Add & Sell Assets to the Business
hdmalith
Member Posts: 2
Recently I purchased a laptop for my business work & sold the one I had to a nother person.
I wanted my accounts to reflect that (and any asset purchasing & selling)
Im confused on how to add these transaction details to Wave.
1
Comments
Hi @hdmalith.
Acquiring an asset in Wave is just a simple transaction. You just have to create an expense to your payment account with the right category. So in this case, tat category would be "Hardware - Computer" or something along those lines. You could also record it as a bill or a receipt, if you want to keep more information on your account.
As for selling a laptop, you would be creating an income with the same category, but you'd have to record that laptop as having been bought as an asset first. Assuming this transaction isn't already in your books somewhere, you would have to follow the instructions here.
You would then have to make an income transaction for the amount you've gotten from the sale, using the "Hardware - Computer" category.
Finally you'll have to account for the loss of value of that old computer, to make sure that the numbers in your Asset account reflects only the assets you have.
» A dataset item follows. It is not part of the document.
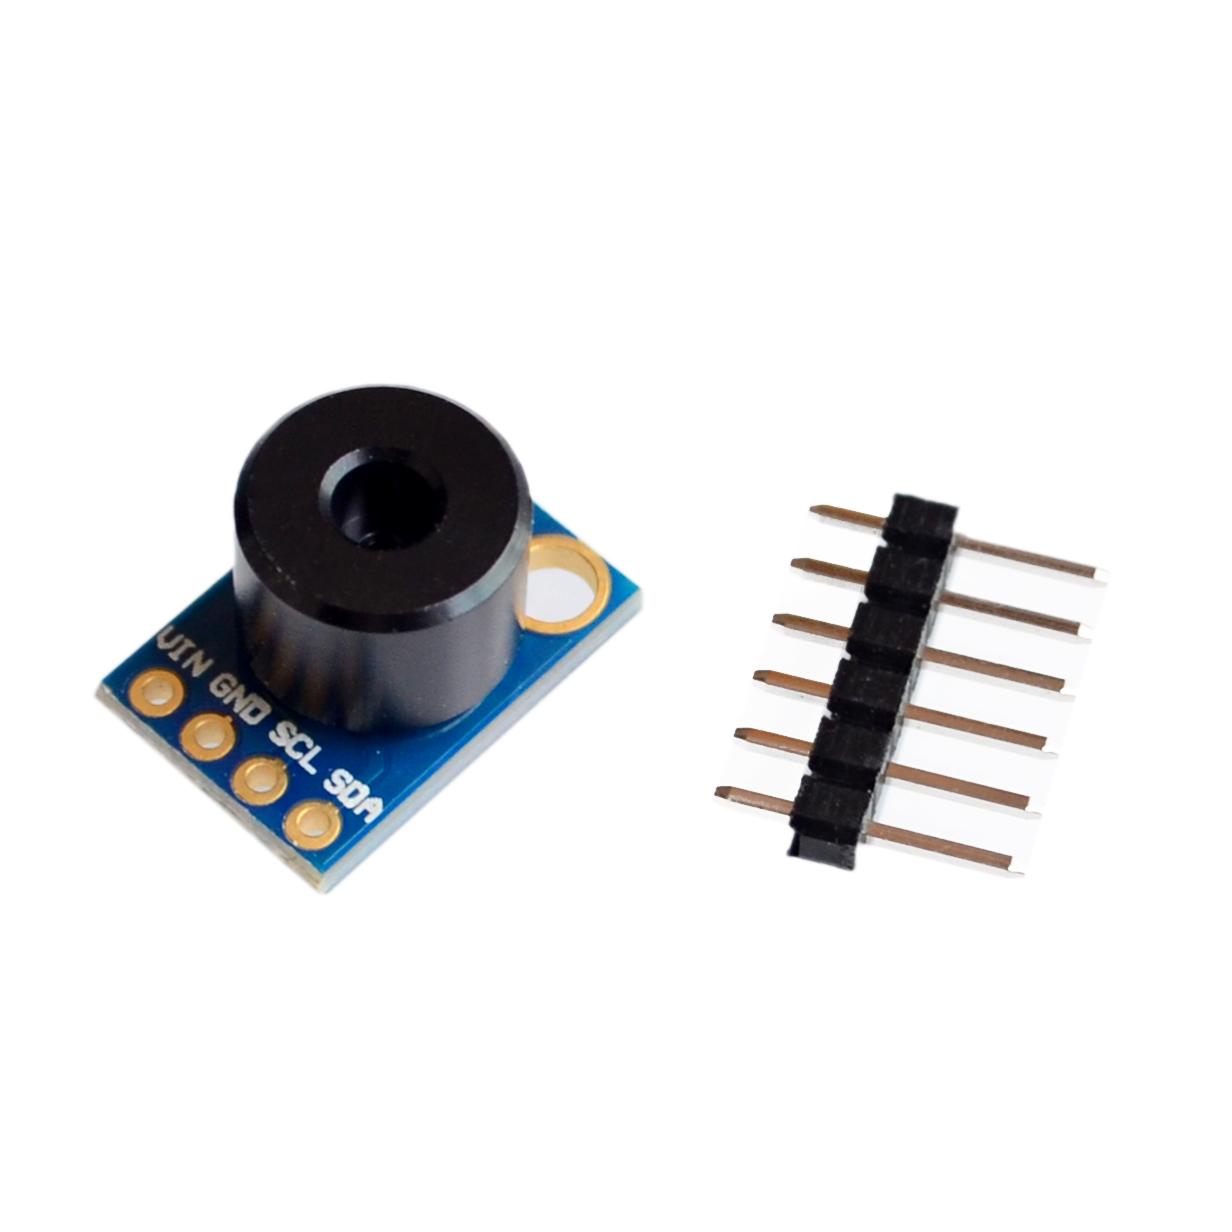 GY-906 Infrared Temperature Sensor Module MLX90614ESF เซ็นเซอร์อุณหภูมิแบบไร้สัมผัส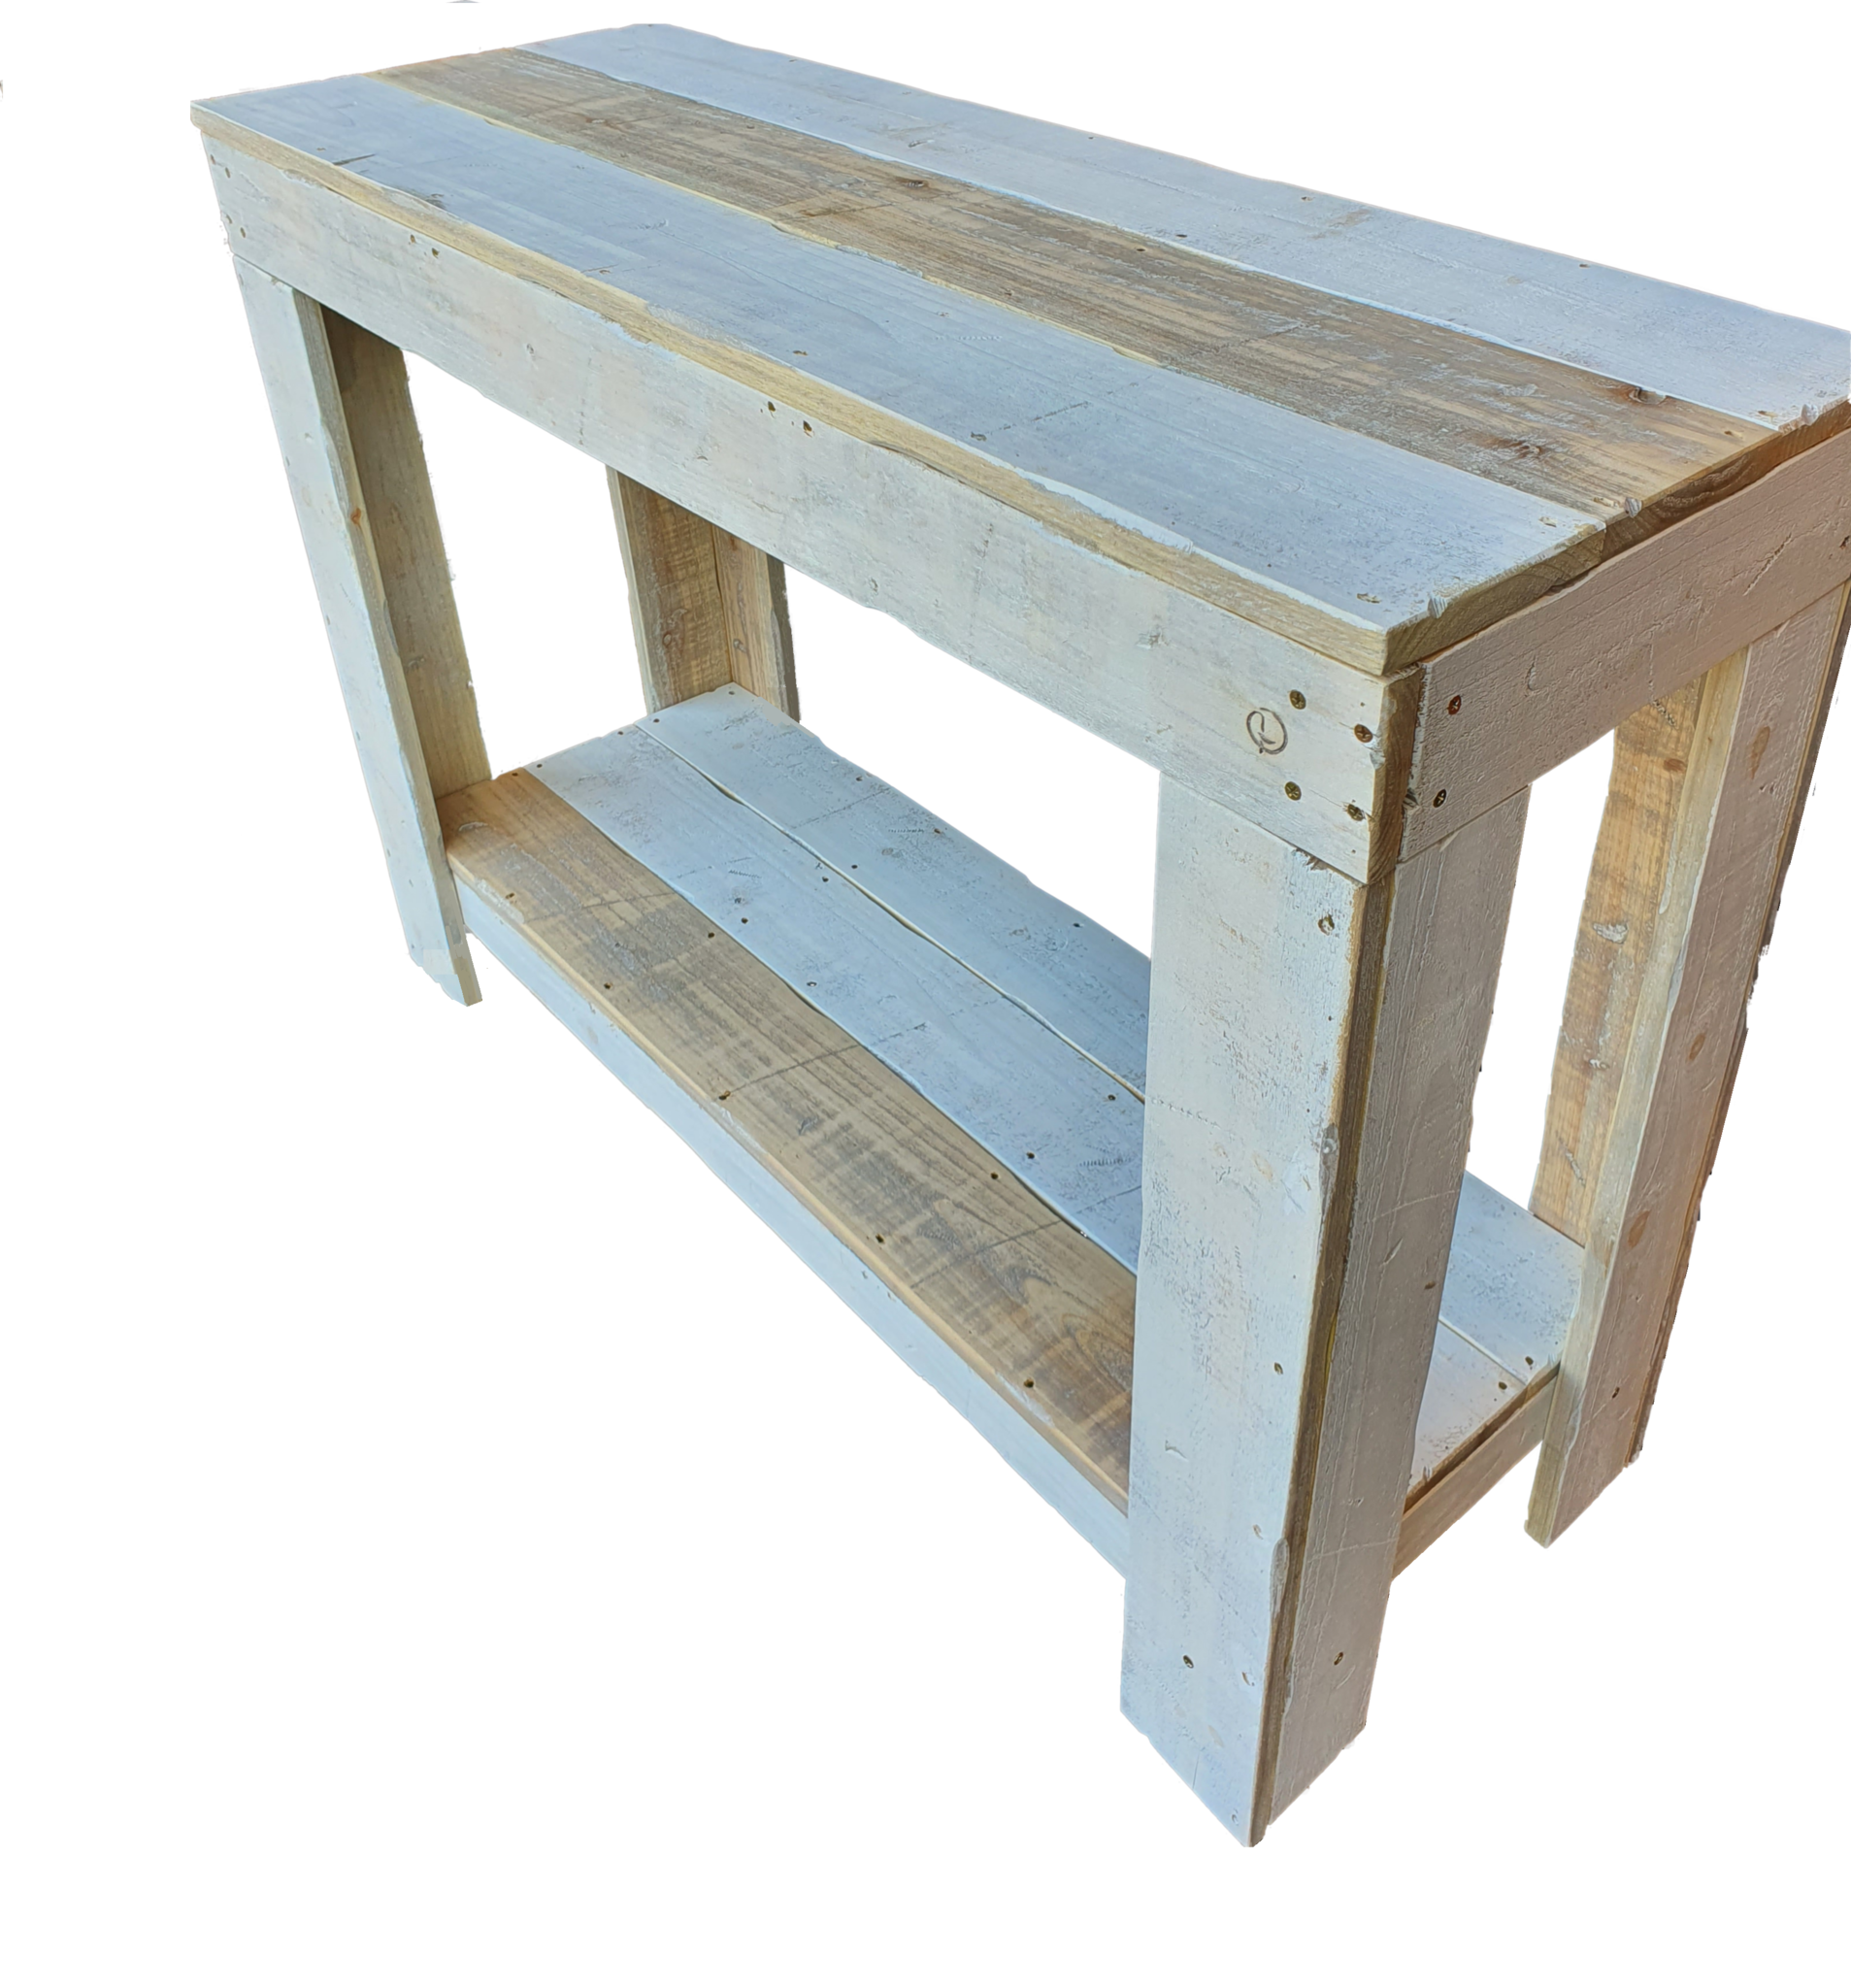 shop int ibiza white table double 110/39-2

To do this, follow the instructions here, starting at point 3.
Let me know if you have any questions!
Hi Alexia, can I ask some clarifying questions on top of that? Wave support has been slow at helping me out on this one so I figure I'll try it here.
So first, something that might be confusing here is that Hardware-Computer is an account that exists already in the expense category but isn't an asset one. I created a separate account for my asset hardware.
I haven't found a way to use the receipts to link to assets, so I default to bills every time.
This is the way Wave support has guided me towards to account for this, on an example of a camera purchased for 1500 and sold at 1200.
Gain on sale of asset:
Cash/bank: Debit - 1200
Accumulated depreciation: Debit - 500
Fixed asset (camera): Credit - 1500
Gain on disposal 200: Credit -200”
A few things weren't clear to me with this. Maybe help me see if I understood things?
I'm sorry if my questions are a bit confusing too. I feel I'm SUPER close to understanding it, but just missing a little something.
Hi @Kendricks866, you're on the right path! Let's see if I can make this a bit more clear.
1- Not exactly. The assumption here is that the camera has lost $500 of value. A depreciation of $500 for our camera would've been recorded ahead of time, following the steps outlined here. So you would have a $1500 debit for your camera, and a $500 credit for depreciation before the sale happened.
2- That's really up to you. You could make an account and call it "Gains/Losses on disposal" for clarity's sake. Ultimately, your numbers will balance out in the end, it just might make easier to organize your reports with separate accounts.
3- Yes, that's right. When you buy an asset, you don't lose money, you just store it in another format. Your camera is still worth $1500, so even if money has moved from your bank account, but you still own that money in the form of your camera. If you sell it for $1200, you'll have lost $300 of the total liquidity of your business. That's why only this $300 expense will show up.
Does this all make sense?
It does! Thanks so much. I'm almost there!
I do have some follow up questions.
If the asset I'm selling is one I brought with me into the business, does the process change at all? I.E. should I create bills to myself dated to the start of my business to 'list' my assets and build the assets account that way, so that when I sell, it balances? Or is there another way to 'bring assets at startup'?
What if I want to add sales taxes to the mix (to make it harder, obviously), how do I record sales taxes when I sell my assets? In the above example, I've sold at 1200, but that really means I need to subtract sales taxes, so the actual sale price is 1061.95. I can easily do the calculation based on that number instead, and balance it out, but then how do I record that 138.05 sales taxes?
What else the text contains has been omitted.